2. The surface structure of claim 1, wherein the porosity of the second protective coating is less than the porosity of the first protective coating.

3. The surface structure of claim 1, wherein the first protective coating is selected from the group consisting of metal oxides, fluorides, and nitrides, and the thickness of the first protective coating is between 100 μm and 250 μm.

4. The surface structure of claim 1, wherein the hardness of the first protective coating is between 400 HV and 700 HV.

5. The surface structure of claim 1, wherein the porosity of the first protective coating is between 1% and 5%.

6. The surface structure of claim 1, wherein the second protective coating is selected from the group consisting of metal oxides, fluorides, and nitrides, and the thickness of the second protective coating is between 0.5 μm and 20 μm.

7. The surface structure of claim 1, wherein the hardness of the second protective coating is between 1000 HV and 1500 HV.

8. A method for forming a surface structure of an electrostatic chuck, comprising: forming a first protective coating on a surface of a substrate; andforming a second protective coating on the first protective coating;wherein the second protective coating has a hardness greater than the first protective coating, and the porosity of the second protective coating is less than 1%.

9. The method of claim 8, further comprising preheating the substrate to a temperature between 100° C. and 300° C. prior to forming the first protective coating.

10. The method of claim 8, wherein the first protective coating is deposited using one of the following methods: atmospheric plasma spraying, suspension plasma spraying, or vacuum plasma spraying.

11. The method of claim 10, wherein the deposition conditions for the first protective coating are selected from the group consisting of: an arc current between 200 A and 600 A, a rotating disc speed between 5 RPM and 30 RPM, a carrier gas selected from argon, nitrogen, and helium, and a gas flow rate between 30 L/min and 200 L/min.
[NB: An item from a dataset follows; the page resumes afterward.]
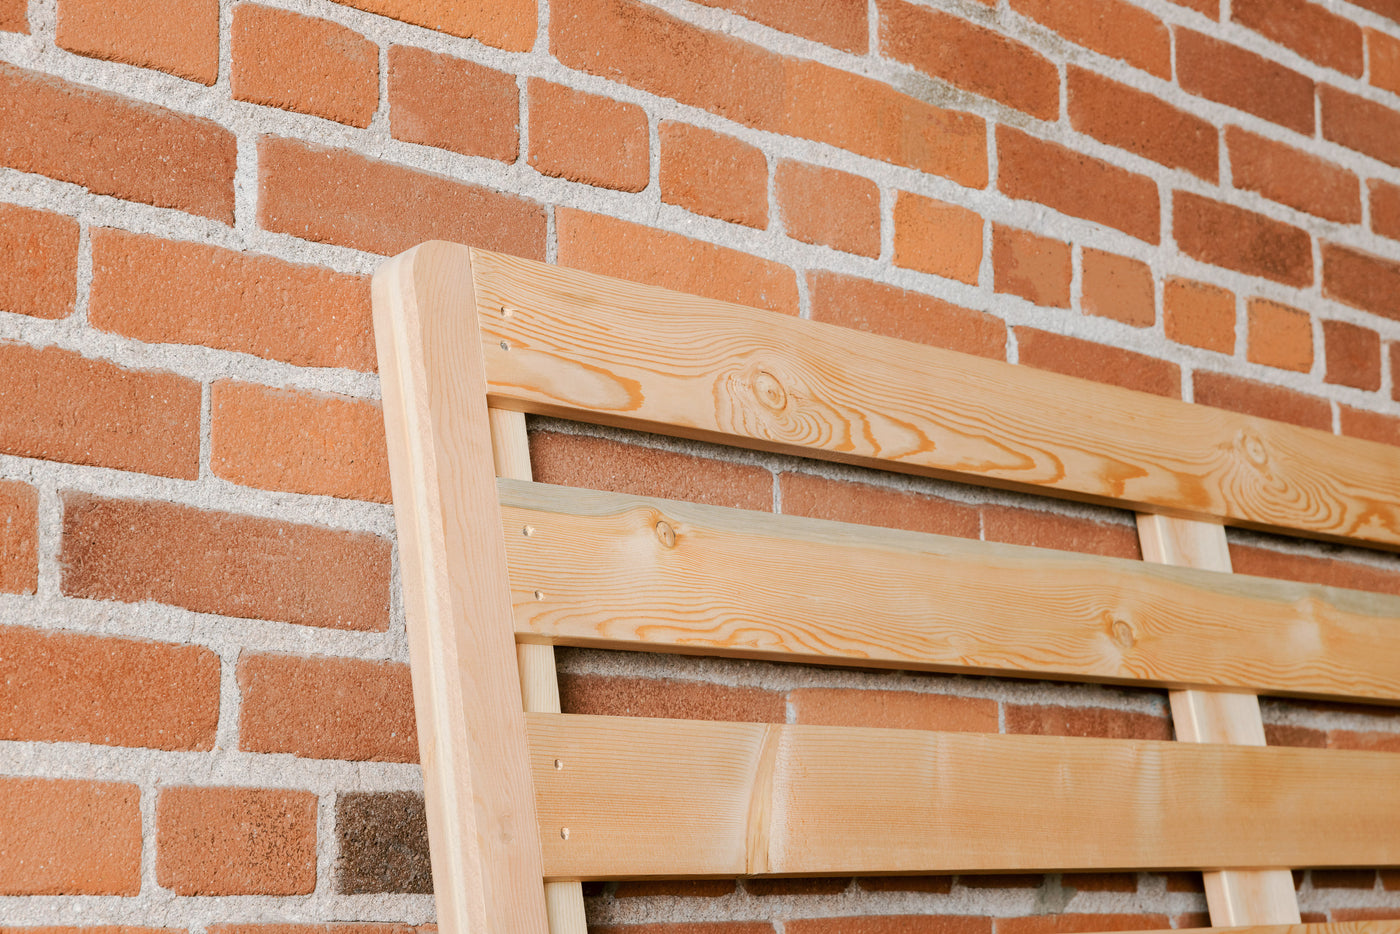 Corner of wooden bunkie board against brick wall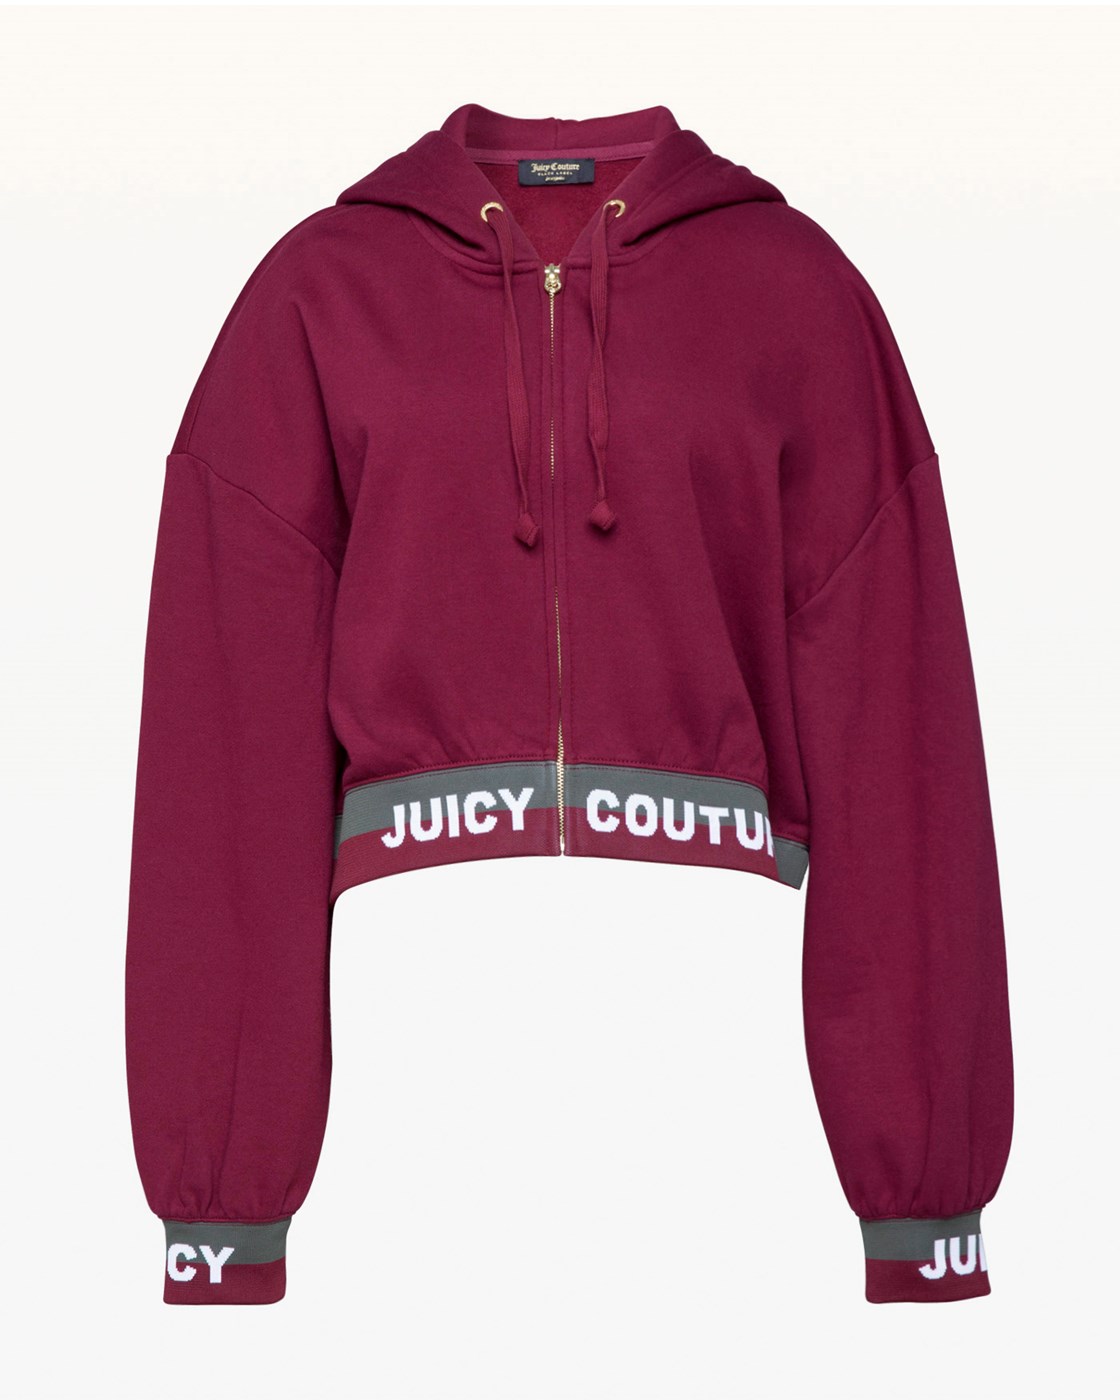 Juicy Couture Jacquard Fleece Hooded Jacket

12. The method of claim 8, wherein the second protective coating is deposited using one of the following methods: electron beam physical vapor deposition (E-Gun PVD) or ion-assisted electron beam physical vapor deposition.

13. The method of claim 12, wherein the deposition conditions for the second protective coating are selected from the group consisting of: a chamber temperature between 25° C. and 200° C., a deposition rate between 0.1 nm/s and 1.5 nm/s, an ion source plasma power assisting an electron beam current between 0 mA and 1500 mA, a voltage between 100 V and 1500 V, an argon gas flow rate between 5 sccm and 50 sccm, an oxygen gas flow rate between 10 sccm and 200 sccm, and a process pressure between 1.0E-2 Torr and 1.0E-6 Torr.

14. The method of claim 8, wherein the porosity of the second protective coating is less than the porosity of the first protective coating.

15. The method of claim 8, wherein the first protective coating is selected from the group consisting of metal oxides, fluorides, and nitrides, and the thickness of the first protective coating is between 100 μm and 250 μm.

16. The method of claim 8, wherein the hardness of the first protective coating is between 400 HV and 700 HV.

17. The method of claim 8, wherein the porosity of the first protective coating is between 1% and 5%.

18. The method of claim 8, wherein the second protective coating is selected from the group consisting of metal oxides, fluorides, and nitrides, and the thickness of the second protective coating is between 0.5 μm and 20 μm.

19. The method of claim 8, wherein the hardness of the second protective coating is between 1000 HV and 1500 HV.